In summer, this "tree hollow" will be expanded horizontally as needed.


----------



## GregB (Dec 26, 2017)

JConnolly said:


> ....
> The single biggest problem I encountered was equipment comparability.......
> The gear is now stacked up alongside my garage and I don't have any plans to use it again. I may sell it..


Those Warre frames should fit nicely into standard Lang 10-frame boxes with very minimal mods (the short-way).
I would not sell anything and use them right back in.


----------



## little_john (Aug 4, 2014)

Clayton Huestis said:


> As a langstroth user that averages 90 - 100 lbs per colony in upstate NY. What type of production should I expect from a warre type hive vs a langstroth hive?


I'm not sure that making a direct comparison of honey-yield between the Langstroth and Warre Hives is necessarily legitimate, fair, or even useful ...

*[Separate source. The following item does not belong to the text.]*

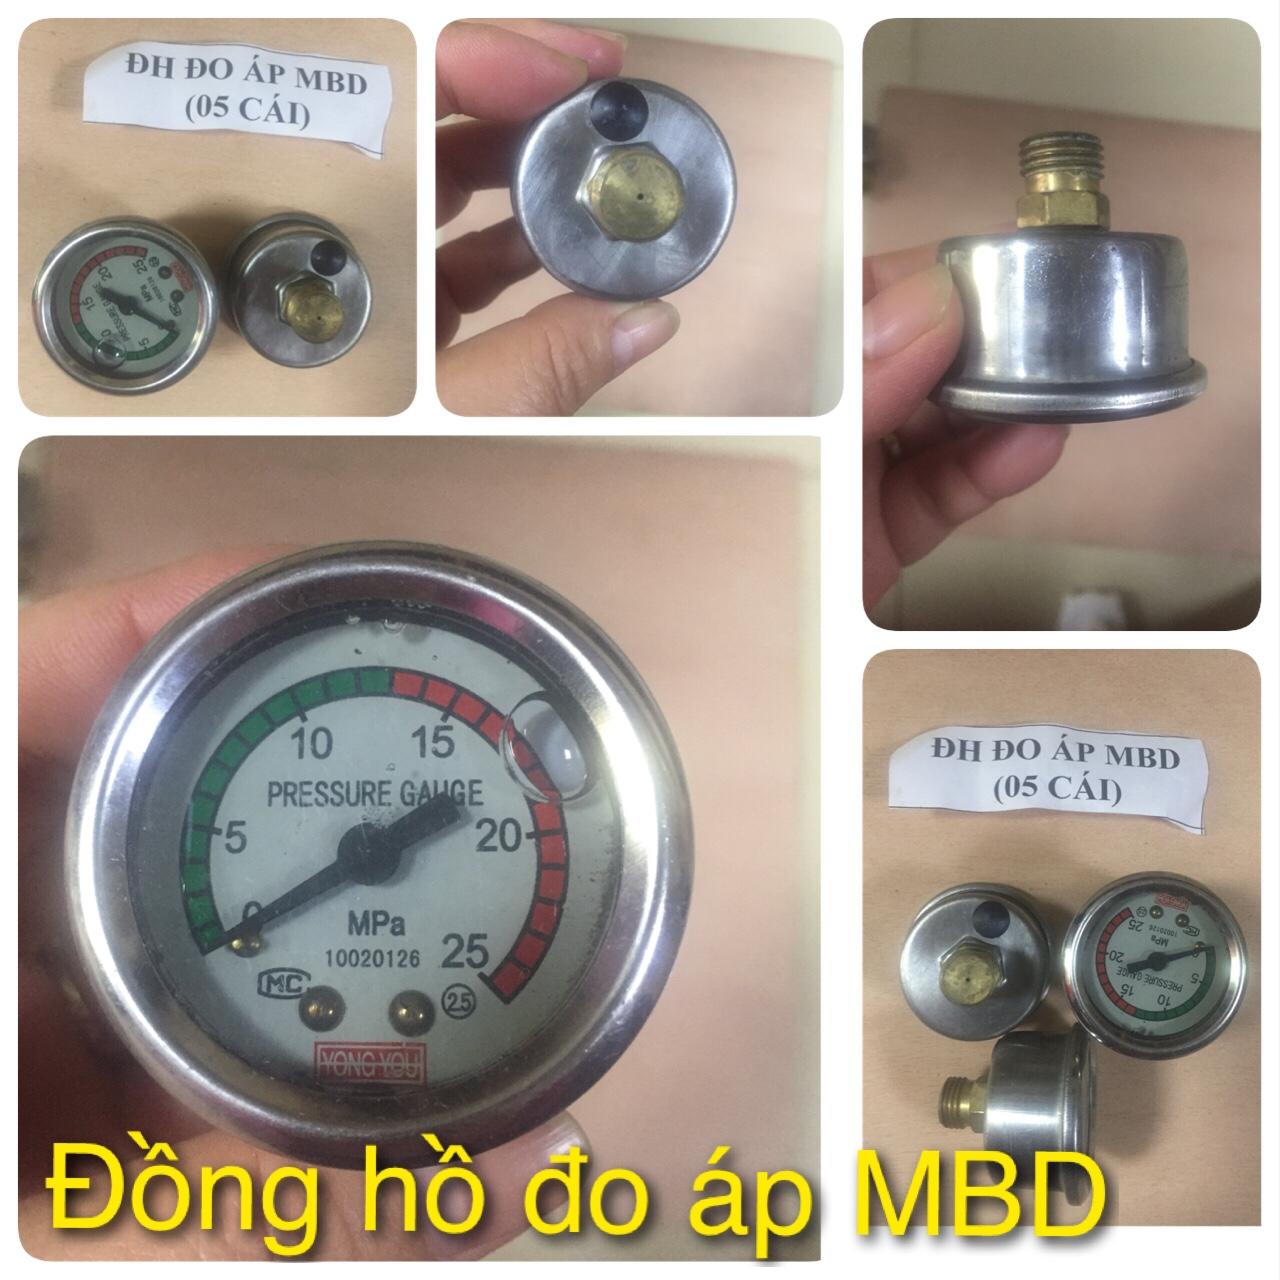 Đồng Hồ Đo Áp MBD

Warre hives were designed for a specific user - the archetypal French peasant. As such, these hives were required to be cheap and easy to build, require a minimum amount of beekeeping time (typically 2 visits) during the season, and were intended to be located in cottage gardens with no particular emphasis being placed upon the availability of forage.

The more precision-engineered Langstroth Hive, on the other hand, was designed for the out-and-out commercial beekeeper where frequent intervention is practiced, and intended either for static use within rich areas of forage, or for mobile use where it's construction was suitable for transportation to similar forage-rich areas.

So - they are, and were always intended to be - very different animals. A much fairer comparison, in my view, would be to compare BOTH honey-yield AND beekeeper effort during a season. (I'm reminded of Doolittle's experiment with a 4ft Gallup Long Hive where he pulled over 500lbs of honey from that hive during a season, in contrast to his apiary average of around 160lbs - but this was achieved by extracting twice a week - a commercially non-sustainable activity)

If a person really needs a higher honey-yield return on their investment - then simply keep more hives within the same 'field', measuring honey-yield per acre, rather than honey-yield per hive. IMO, of course.

It may be useful to examine the methods of those Russian commercial beekeepers who seized upon the Delon variant of the Warre beehive with great enthusiasm, and proceeded to manage this hive in more-or-less the same way as Roger Delon. The reasons behind their choice no doubt involved the costs of manufacture and upkeep - and it may be significant that they have not since expressed any ambitions of changing to an alternative hive design.
LJ


----------



## GregB (Dec 26, 2017)

According to:


> "Northern" hive.
> https://naturalbeekeeping.ru/lib/safronov2.pdf


Managing this "Northern" hive (frame-based Warre variant) in the authentic Warre methodology yields about *20lbs per year*:


> When adding hive boxes from the bottom, the honey productivity is about 8 kg per family (one box is 25 kg once every 2-3 years). This is compatible to traditional log-hives.


This also agrees with JConnolly above:


> Each year my crush and strain harvest from the Warre was *about 20 lbs.*


However, the "Northern" hive author notes that managing the same in more commercial way is more productive 
(i.e. - adding the boxes on the top and using the QE); the author omits the actual #s as I think he does not use this approach as too "un-natural" to his philosophy:


> The adding the boxes from above, through the excluder, makes it possible to increase the honey productivity of the family, but creates more stressful living conditions for it.


In all, the CVHs can be managed just as Lang/Dadant multi-body hives as they are the same in principle - multi-level movable box management system.
It is simply about managing 5-8 smaller, lighter boxes per a unit vs. 4-5 larger, heavier boxes per a unit.
Or managing 5-6 smaller units vs. 3-4 larger units on the same pasture.
Your pick.

Per my observations of the CVH keepers, they have been able to easily harvest early honeys in situations where traditional Dadant keepers (and for sure horizontal keepers) - never could.
The reasons are obvious to me now, once I saw several videos - the small frame CVH allows for isolation of small compartments vertically, *separated *from the brood nest (possible to harvest early and in small batches).
The large frame does not allow for such isolation - thus resulting in early honey mixed within the brood nest area on the same large frame, since they tend to store any early honey just above the brood (impossible to easily harvest).


----------



## viesest (Jul 13, 2016)

GregV said:


> One common denominator, however, is a shorter top bar - a better fit for "square" and tall configurations when need to compress.


Also, shorter fondation less top bars (frames) are much better compared to longer.


----------